The parents of a toddler who is one of 800 in the world with a fatal genetic condition are determined to fight for their ‘precious’ daughter.
Clara Walsh, who is 19 months old, was born with Smith-Lemli-Opitz syndrome, an extremely rare disorder which has stopped many parts of her body developing since she was just a few months old.
But after five operations and new scientific developments, parents Sara Gardner and Christopher Walsh, of Hodder Avenue, Chorley, are optimistic and determined to support her.
The family is appealing to raise enough money to visit a conference in America which will be attended by experts able to give advice and possibly treatment for the disease.
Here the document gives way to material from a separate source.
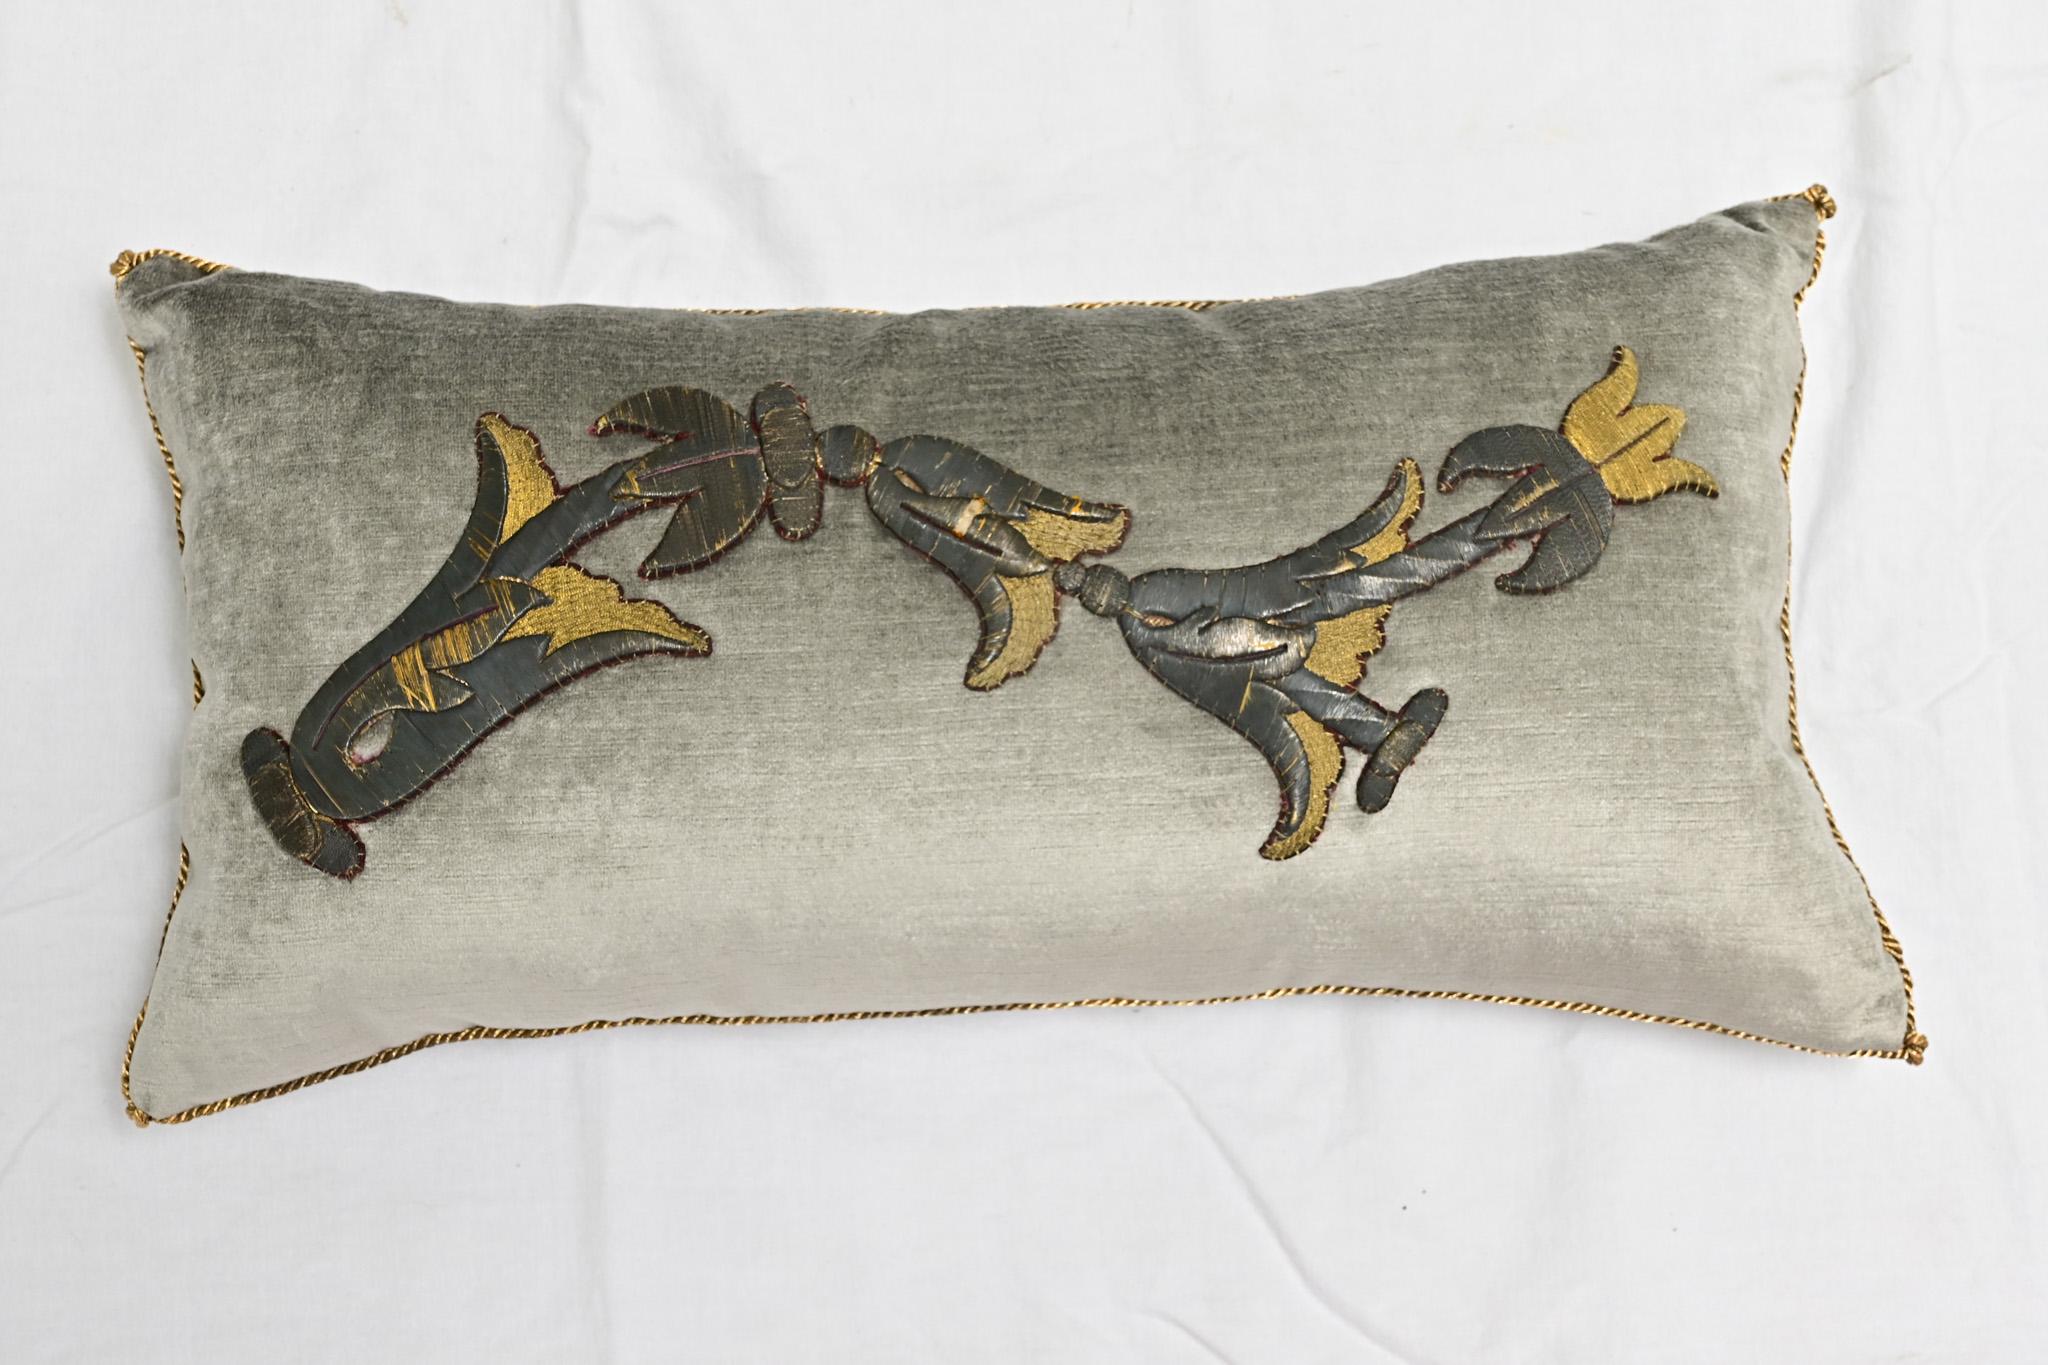 A beautiful single velvet pillow. Hand-trimmed and features vintage metallic gold cording, knotted in the corners. Designed by Rebecca Vizard for B. Viz Design, this down filled pillow has thickly raised, antique European dark bronze and gold
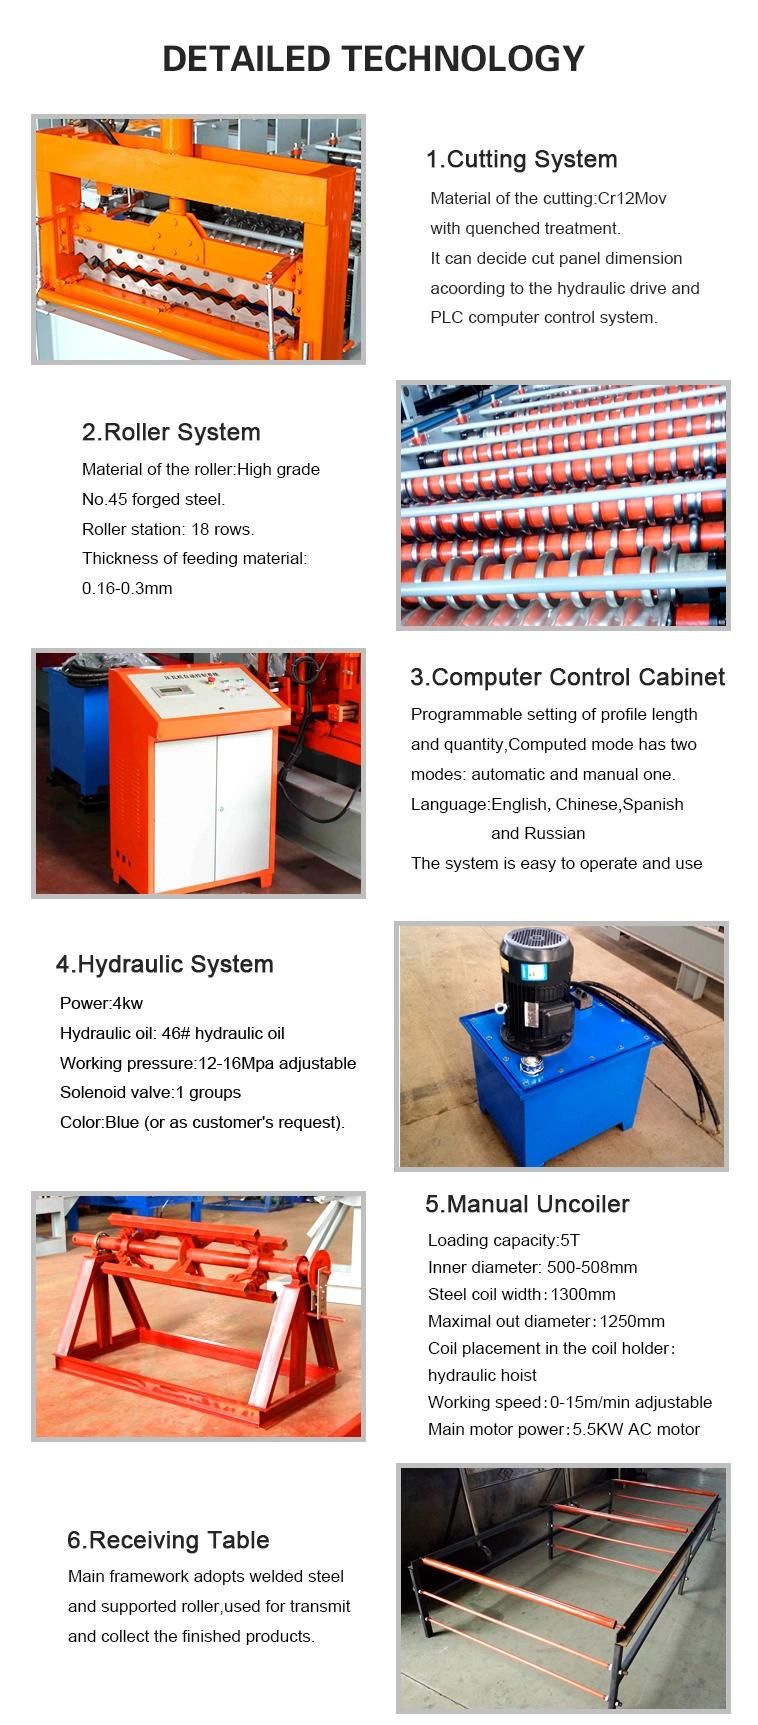 Door to Roof Corrugated Metal Sheet Roll Forming Machine with CE

Sara, 37, said she was left feeling sad and useless when doctors could not diagnose Clara for seven months whilst she was ‘very unwell’.
Sara said: “We had to feed her every hour through a tube but she would just keep vomiting.
“And every time we tried to feed her with anything liquid-based, she would really panic.
“It took all the enjoyment out of feeding her because she just wasn’t tolerating food.
“We were very concerned for her health because she was drained and pale in colour.
“And months later, she was still only 6lbs – she was 4lbs 7oz at birth.
“It is hard work when you have a child and you don’t see any change in them after seven months.
“We were very worried because we knew she was not getting what she needed to grow and have energy.
“And doctors agreed there was reason to express concern because she was not changing much at all.
“I waited a long time to be a mum and I want to do what I can to help her.
“And without that initial diagnosis it was hard.”
After a number of tests over several months, doctors discovered she had a problem ‘aspirating’, meaning fluids flood straight into her lungs.
“I felt physically sick when I found out,” said Sara.
“When she was coughing and vomiting it was because she was trying to clear the water out of her lungs.
“She could have drowned – and we’re so lucky that she didn’t.
“I realised how close I was to losing her and it made me feel terrible as a parent.
“She was going through this for so long and we didn’t know.”
Tests revealed the condition was down to a combination of faulty genes passed down from both parents, causing problems with her major organs.
Sara added: “Doctors said she would never be able to do anything.
“They thought she would probably just lay there and be really floppy or stiff and never be able to walk or talk.”
But despite the devastating news, Clara has already began shocking medics with unexpected developments.
Sara, who now cares for Clara full-time, said: “I push her as much as I can.
“She has physio every day – either at home or with a specialist.
“And she has just actually started to grow.
“She teaches me so much and she’s so happy in herself.
“I cherish every second with Clara and I always try and have as much fun with her as I can.”
Sara and Chris are now campaigning to fundraise £6,000 to travel to the conference in America.
The conference will be full of experts, parents of other children who are sufferers and there may be a chance to try out some treatment.
“The people at this conference know more than anybody else in the world,” Sara added.
“This is where we need to go to get the help and advice because it’s such a rare disease.
“It’s a big thing to have somebody else there who can understand what we are going through.
“I’m optimistic about it and it gives me something to do to try and help Clara.”